Visualization Team

The rise of Big Data has provided researchers and industry with new opportunities to discover insight. One key tool for exploring and communicating data is data visualisation. While with the rise of tools such as Hadoop and Spark has enabled data processing to scaled to support the big data revolution data visualisation has not undergone a similar revolution. It is the goal of the Data Science Institute’s Visualisation team to visualise the Big Data revolution.

To enable visualisation to scale to support the Big Data revolution we designed and built the KPMG Data Observatory, an immersive data visualisation environment. The facility provides a social interdisciplinary environment which:
1) Enables researchers to make sense of Big Data
2) Supports quantitative decision making
3) Allows research into how decisions are made

Within the Visualisation Team we conduct three key types of research:
1) Tools and techniques to support the scalability of data visualisation to Big Data 
2) Explorative data-dense visualisation for exploring Big Data 
3) Presentation of research results 

We are very keen to collaborate with researchers and industry on all areas of our research and are always excited by data science problems where visualisation could help. Please do get in touch with David.Birch@imperial.ac.uk to explore opportunities.

Foundation of Data Science: Visualizing Data 

newsVisualisation is a critical part of the data science for two reasons. Firstly, the human visual system excels at pattern recognition and we are best able to make sense of big data sources through the visualisation of data and subsequent analytics. Secondly, once insight has been gained from data visualisation, visual representations of data as well as analysis results are typically the most effective means of communicating results.

The Institute has built a Global Data Observatory in partnership with KPMG. This consists of a visualisation studio allowing teams of researchers and analysts to collaborate in the exploration of data and the derivation of actionable insight in real time with a cutting edge visualisation environment.

 

Multidisciplinary Applications

Understanding Nature

In recent years, technological advances have dramatically increased the quality and quantity of data available to astronomers.  Newly launched or soon-to-be launched space-based telescopes are tailored to data-collection challenges associated with specific scientific goals. These instruments provide massive new surveys resulting in new catalogues containing terabytes of data, high resolution spectrograph and imaging across the electromagnetic spectrum, and incredibly detailed movies of dynamic and explosive processes in the solar atmosphere. These new data streams are helping scientists make impressive strides in our understanding of the physical universe, but at the same time are generating massive data-analytic and data-mining challenges for scientists who study them.
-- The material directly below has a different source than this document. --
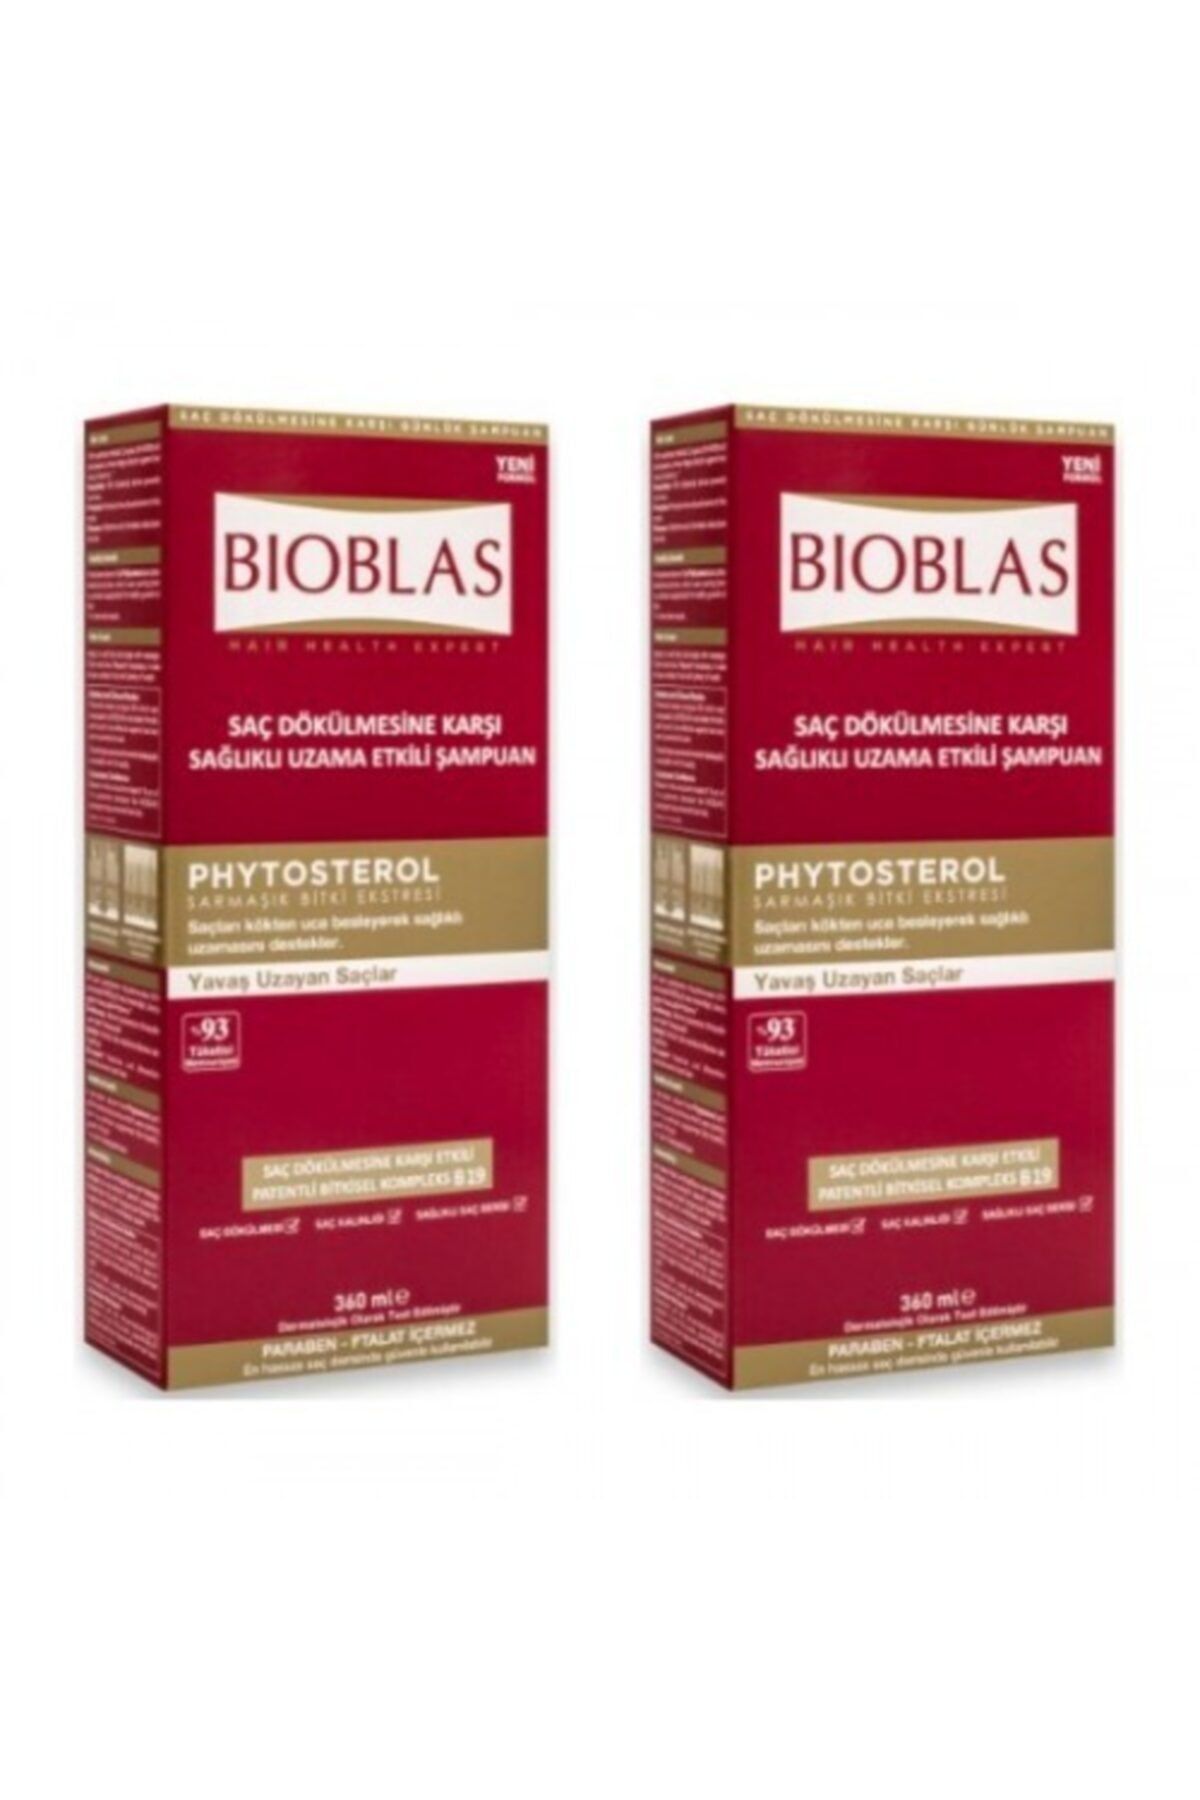 Bioblas Bıoblas Şamp 360ml X2 Adet Saç Dökülmesine Karşı Sağlıklı Uzama Etkili Şamp

The Data Science Institute is working with researchers from the Imperial SpaceLab, and the Imperial Centre for Inference and Cosmology (ICIC), on utilising new technological advances in data science for their work.
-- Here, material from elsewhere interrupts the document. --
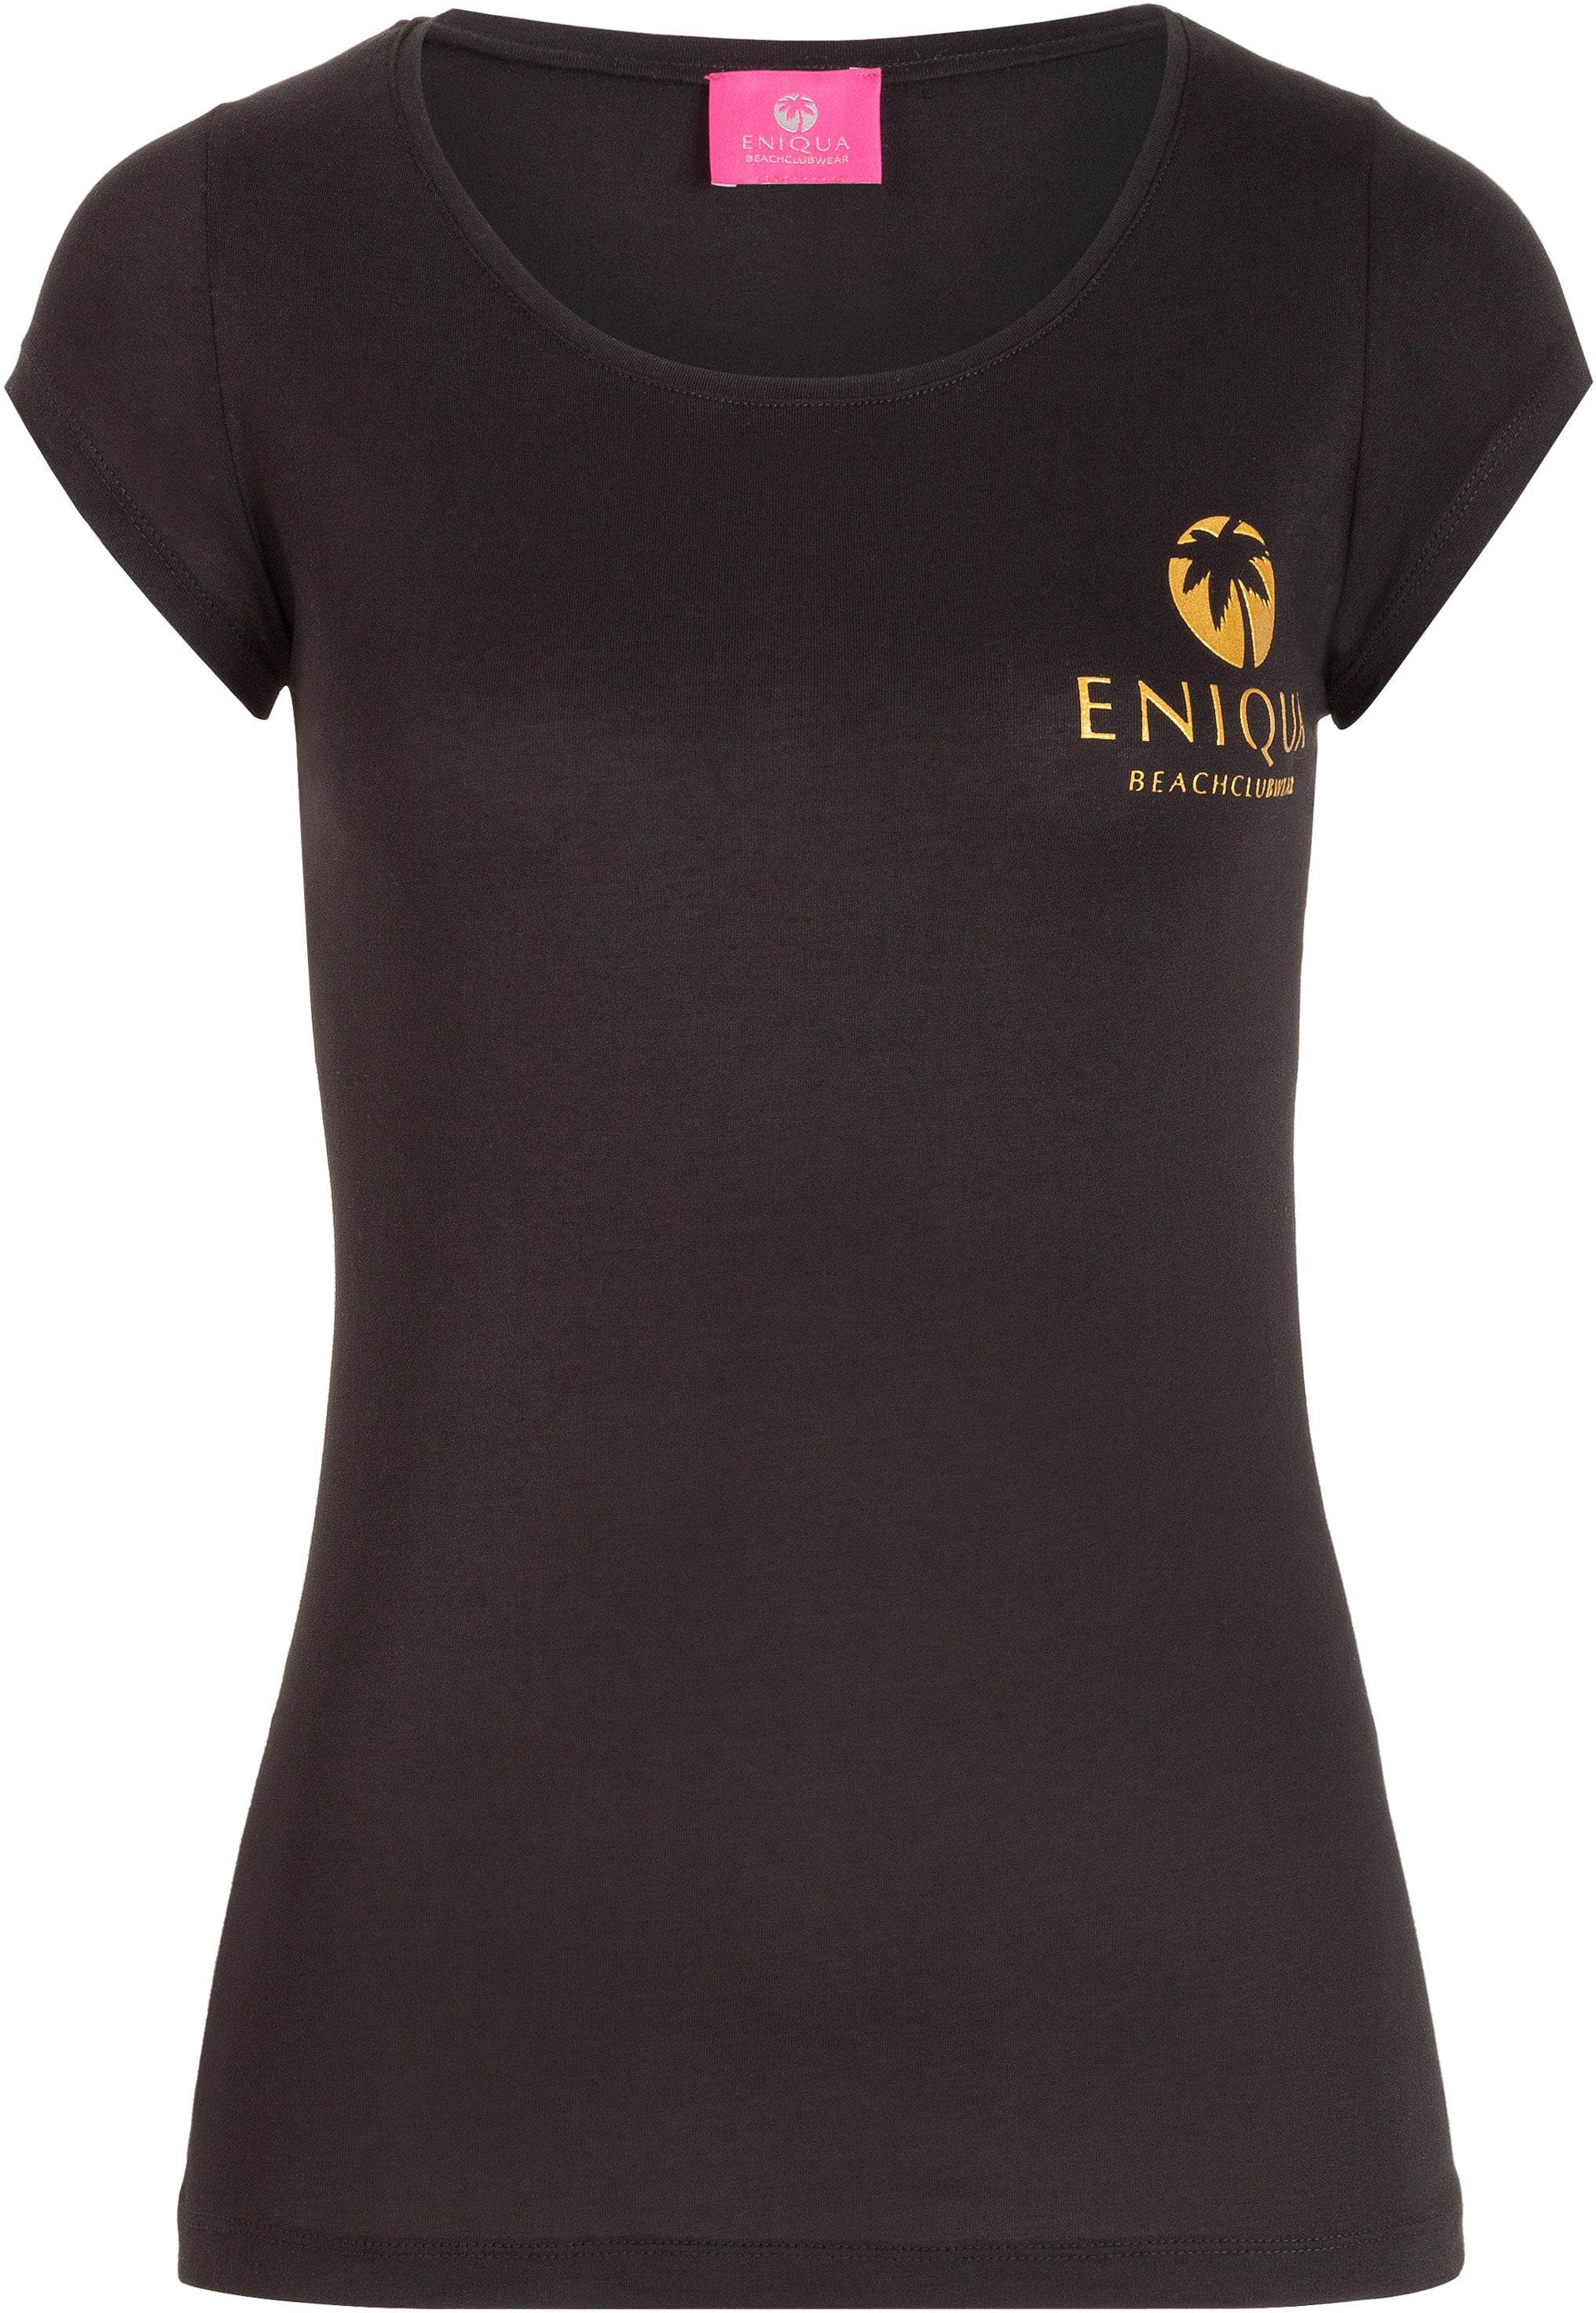 Eniqua - Logo Tee Black W Woman T

We also have some current projects working on visualization of Mars and the stars, planets and galaxies in space!

 

Economics, finance and value

Some the visualization of data helps with the business and financial world to make the data more understable to a wider audience. Data in financial markets is constantly generated and quickly changing, where traditional statistical models quickly become out-of-date, and increasingly high performance real time machine learning algorithms that can adapt and change based on the new data are giving a new edge to trading. This is an active area of research where the DSI and Imperial College’s quantitative financial researchers are working together to make exciting progress. Beyond using data science for exploring competitive advantages in economies, new models for the economy itself are emerging.

For example, money itself is increasingly exchanged digitally, which brings new research questions such as: How to realise a new commercial structure with digital money? Does digital money adoption make a difference? What are the big data implications of digital money? Is it possible to quantify the benefits to governments, corporations and individuals? What are the factors that affect the outcome of a digital money initiative? Going beyond this, data itself could be considered a currency. At the DSI we are beginning to investigate new models for the digital economy as well as supporting data-driven research in economics and finance.